§ What to work on
Return only the stretch of the material below that begins with the line containing "Bikini Leticia Birkheuer" and ends with the line containing "KING ARTHUR GETS", exactly; both of those lines belong to it.

§ Data excerpts
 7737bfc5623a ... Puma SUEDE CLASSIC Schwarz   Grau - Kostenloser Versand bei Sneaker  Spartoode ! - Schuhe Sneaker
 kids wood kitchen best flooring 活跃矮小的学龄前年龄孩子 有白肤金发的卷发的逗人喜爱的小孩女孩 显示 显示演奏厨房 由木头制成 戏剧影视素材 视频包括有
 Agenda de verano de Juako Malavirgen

...

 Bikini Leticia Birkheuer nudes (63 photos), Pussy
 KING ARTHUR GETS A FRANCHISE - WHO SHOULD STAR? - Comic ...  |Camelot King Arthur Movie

* * *

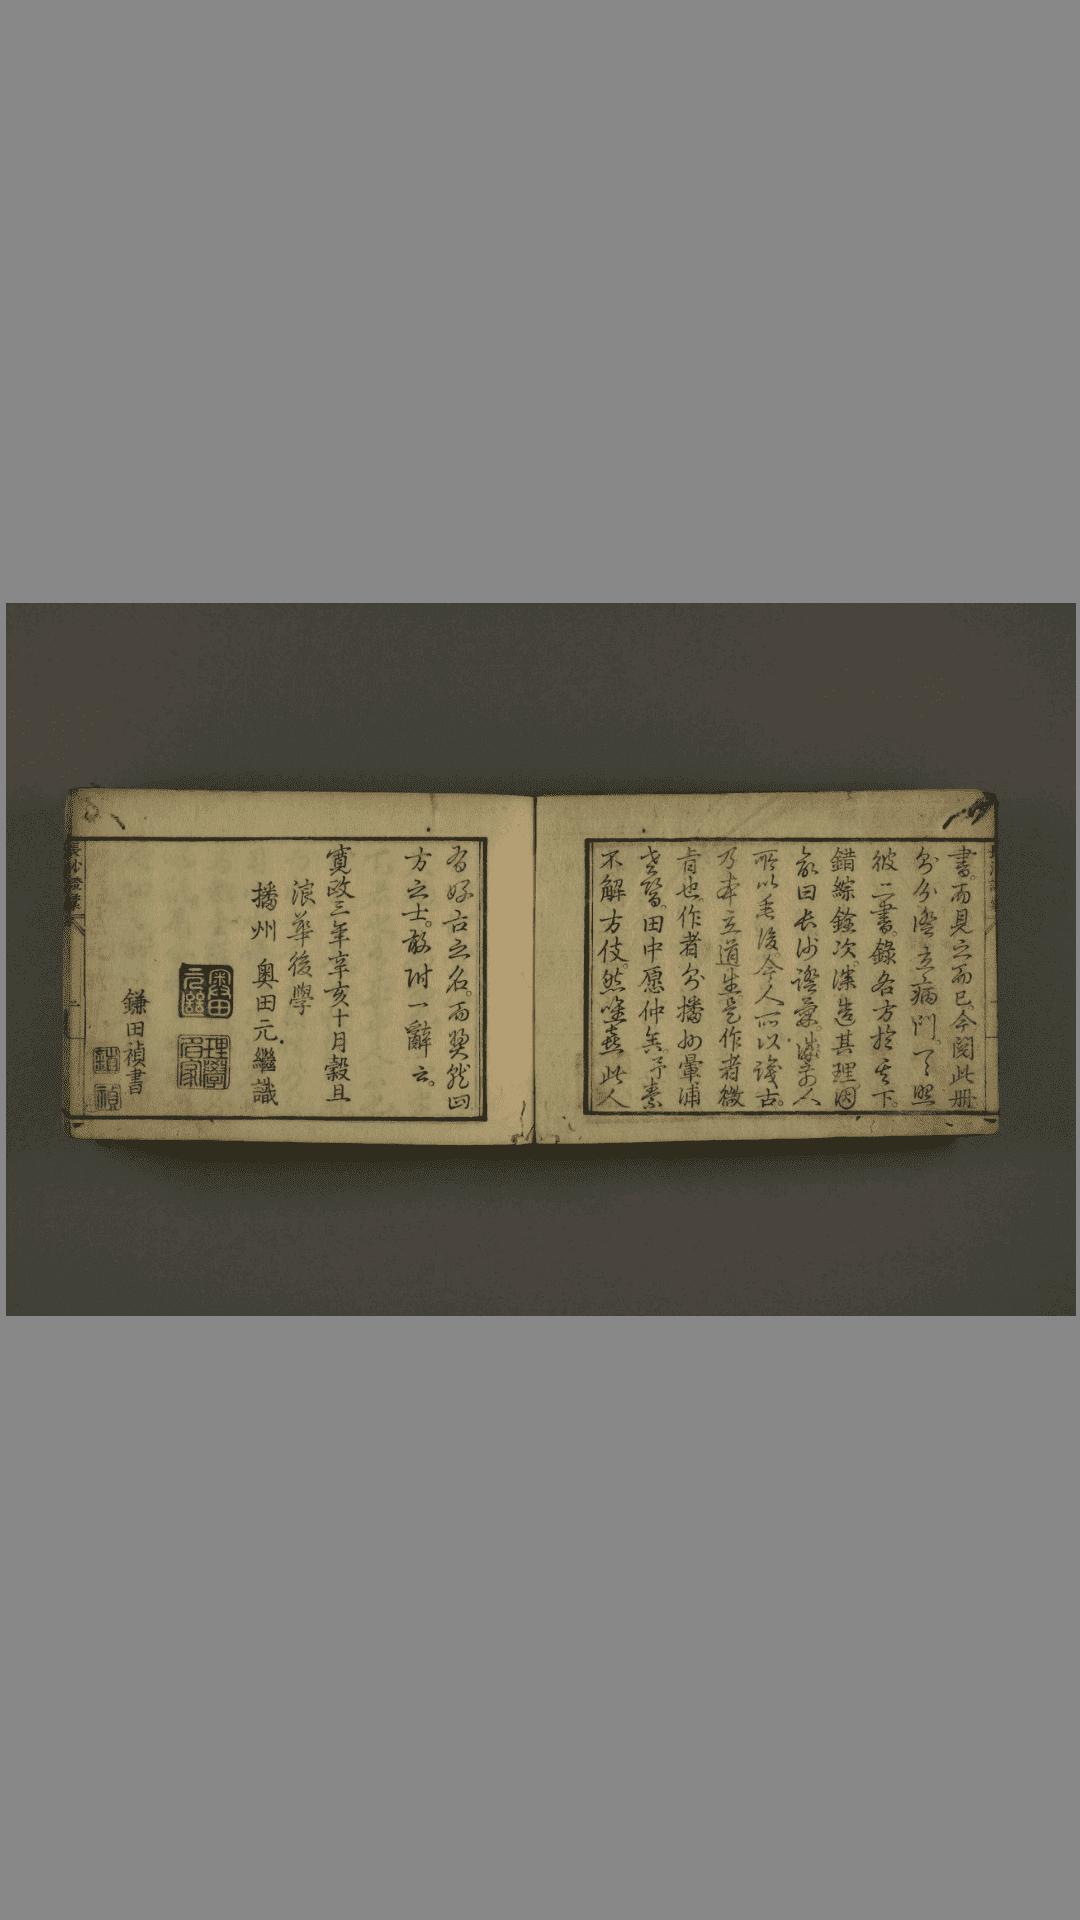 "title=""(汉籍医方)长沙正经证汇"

§ Your response
 Bikini Leticia Birkheuer nudes (63 photos), Pussy
 KING ARTHUR GETS A FRANCHISE - WHO SHOULD STAR? - Comic ...  |Camelot King Arthur Movie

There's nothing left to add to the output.